Il Belpaese presenta un debito pubblico di 1757,534 miliardi di euro, numero che non solo non vuole calare, ma neanche arrestarsi. Tutti però continuano a dirci di non preoccuparci, però nel frattempo la Camera dei Deputati è costretta a chiudere temporaneamente i battenti perché manca la copertura finanziaria dei progetti licenziati dalle apposite commissioni: chi deve fare le leggi non può adempiere al suo dovere perché non ci sono i soldi, cosa mai avvenuta prima e confermata non dai comunisti, ma dallo stesso ministero dell’Economia che, cercando di bloccare l’ala spendacciona dell’attuale governo, ha bocciato l’ipotesi del taglio dell’Irap proprio per la mancanza di fondi che possano andare a coprire le mancate entrate della tassa.
In realtà il portavoce del governo, Paolo Bonaiuti, ha sminuito la portata di tali affermazioni dicendo che il taglio dell’Irap è solo rinviato all’arrivo dei soldi derivanti dallo scudo fiscale, quelli che dovrebbero garantire le entrate nelle casse dello Stato. Peccato però che lo scudo fiscale debba già andare a coprire la riforma dell’università («I fondi per la riforma arriveranno dallo scudo fiscale», ha detto il ministro Gelmini) e che, a quanto pare, non saranno poi tantissimi. Ci sarebbe poi da aprire il discorso sul come un governo provi a nobilitare il provvedimento salvaladri dicendo che serve all’istruzione (lo Stato finanzia la formazione con i soldi rubati), ma non è il caso di approfondire...
Lasciando da parte gli argomenti economici, ci spostiamo sulle istituzioni italiane. Questa settimana abbiamo appreso che buona parte di quelle politiche è sottoposta a ricatto: i dossier girano nelle redazioni dei giornali e nelle segreterie di partito in attesa dei tempi giusti per uscire. Si dirà che si va avanti così da una vita, ma solo in queste ultime settimane la lotta delle notizie riservate sta tenendo il ritmo di circa un dossier/video/rivelazione al giorno. Eppure basterebbe poco per eliminare questo modo di fare politica: sarebbe sufficiente avere persone serie al potere, e non uomini facilmente minacciabili per le loro debolezze o, peggio, malefatte.
Troppo difficile in un Paese nel quale non ci si può fidare neanche delle forze dell’ordine. Non tutte, sia chiaro. Però sappiamo per certo che a fare le trattative con la mafia sono stati i carabinieri, lo stesso ramo delle forze armate che, con altre «mele marce», ha ricattato quel pirla di Marrazzo; abbiamo visto cos’è successo al G8 di Genova nella scuola Diaz, come ha agito la polizia; stiamo assistendo increduli alle notizie sulla morte di Stefano Cucchi, che stanno godendo di una copertura mediatica ignota invece ai casi Aldrovandi, Bianzino e molti altri.

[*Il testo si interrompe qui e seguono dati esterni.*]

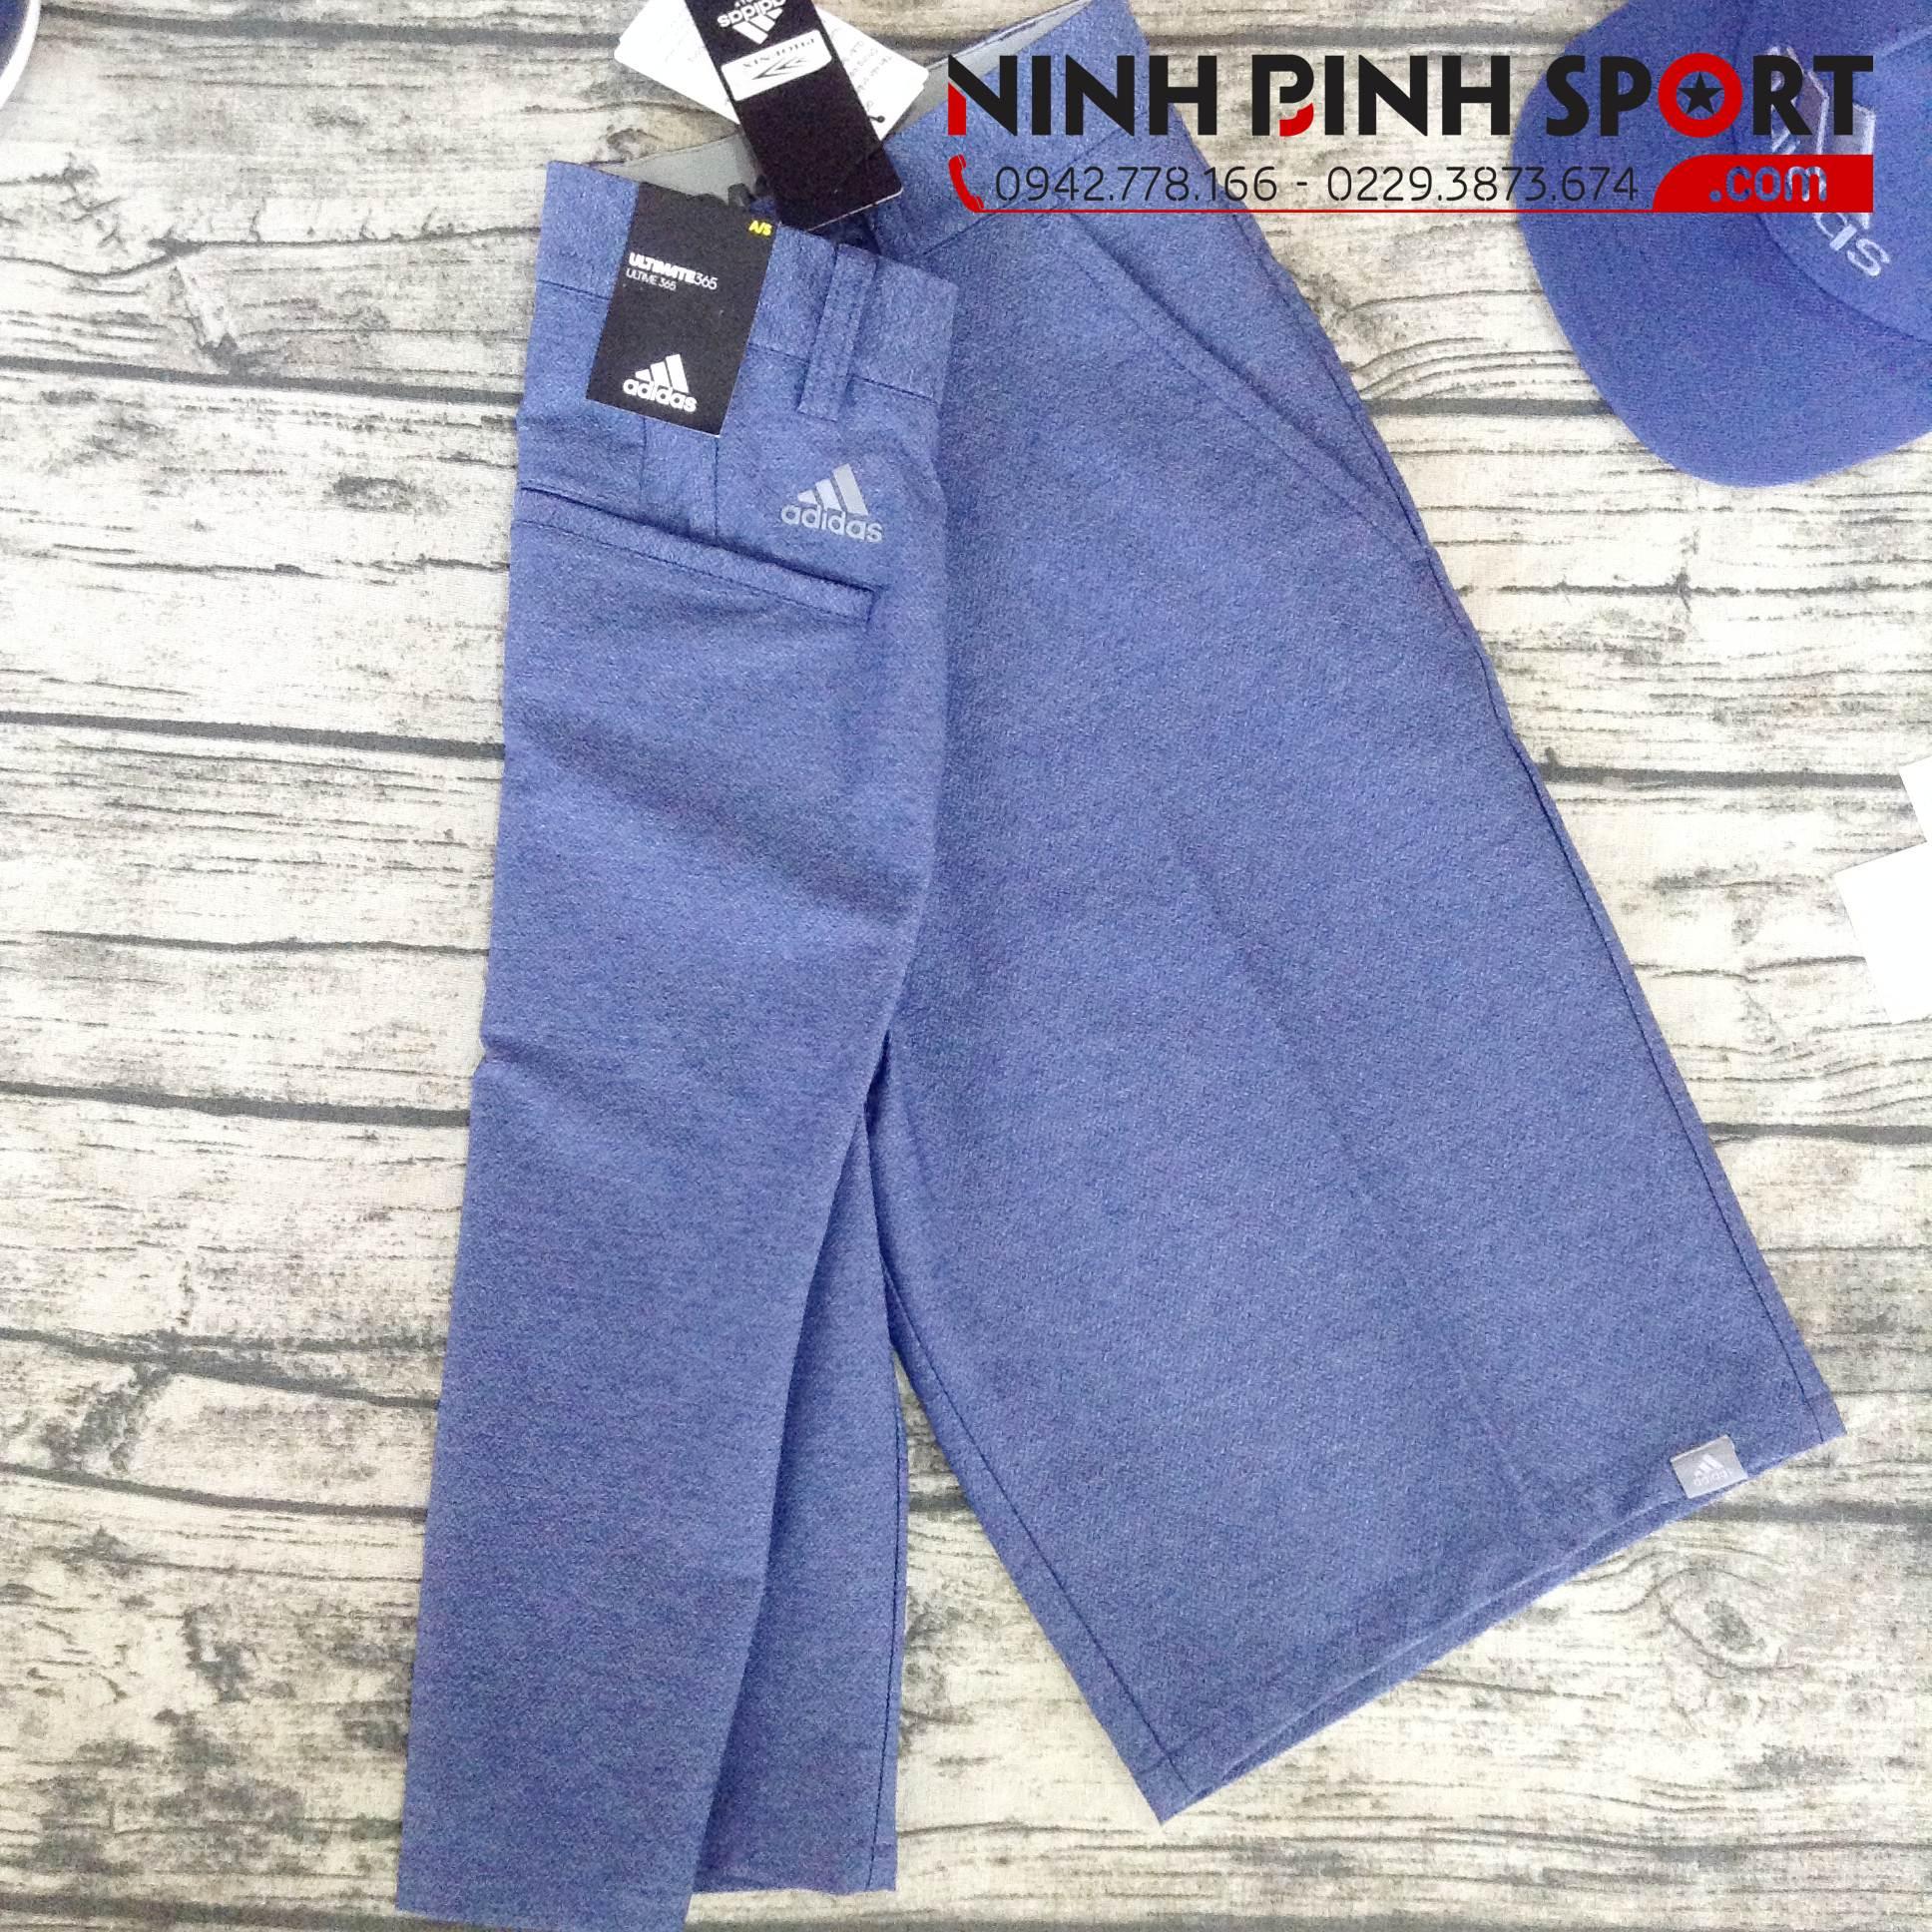 Quần Thể Thao Adidas Golf Ultimate 365 Crosshatch Short - Blue CE0476

Il tutto avviene nel silenzio generalizzato dell’informazione e, soprattutto, nell’indifferenza degli italiani, i veri responsabili dell’abisso in cui stiamo precipitando: quelli che se ne fregano di tutto ciò che non li riguarda direttamente o, meglio, che credono che non li riguardi in prima persona; quelli che non si informano, che si fermano a ciò che sentono dire in tv, che non hanno una minima memoria dei fatti; quelli che, da perfetti ignoranti, non sanno nulla di come funzioni una normale democrazia, non ne conoscono le basi e che credono alle tante balle che ci vengono propinate ogni giorno, da destra come da sinistra. Quelli, in sostanza, che si curano solo del loro orticello e basta.
Lo ha spiegato benissimo Beppe Grillo in un vecchio post del 10 giugno 2008: «Sotto la superficie c’è l’italiano. Che tira a campare. Che non legge, non si informa, ed è, per dirlo con una bella parola, un ignorante. Sotto la superficie c’è sempre un veneto, un siciliano, un valdostano, non un cittadino italiano. La solidarietà si ferma alla porta della regione, del comune, del condominio. Sotto il fallimento dell’Italia, il suo fallimento economico, ma soprattutto morale e etico c’è l’italiano. Una volta era solo l’italiano medio, ora è anche il medio alto e il medio basso, il medio sinistro e il medio destro. Ogni giorno ci sono nuovi sintomi, nuovi delinquenti, nuove leggi vergogna. Non siete stanchi di rincorrerli? Fermatevi, guardatevi allo specchio e dichiaratevi colpevoli». Assolutamente d’accordo: è l’Italia, bellezza.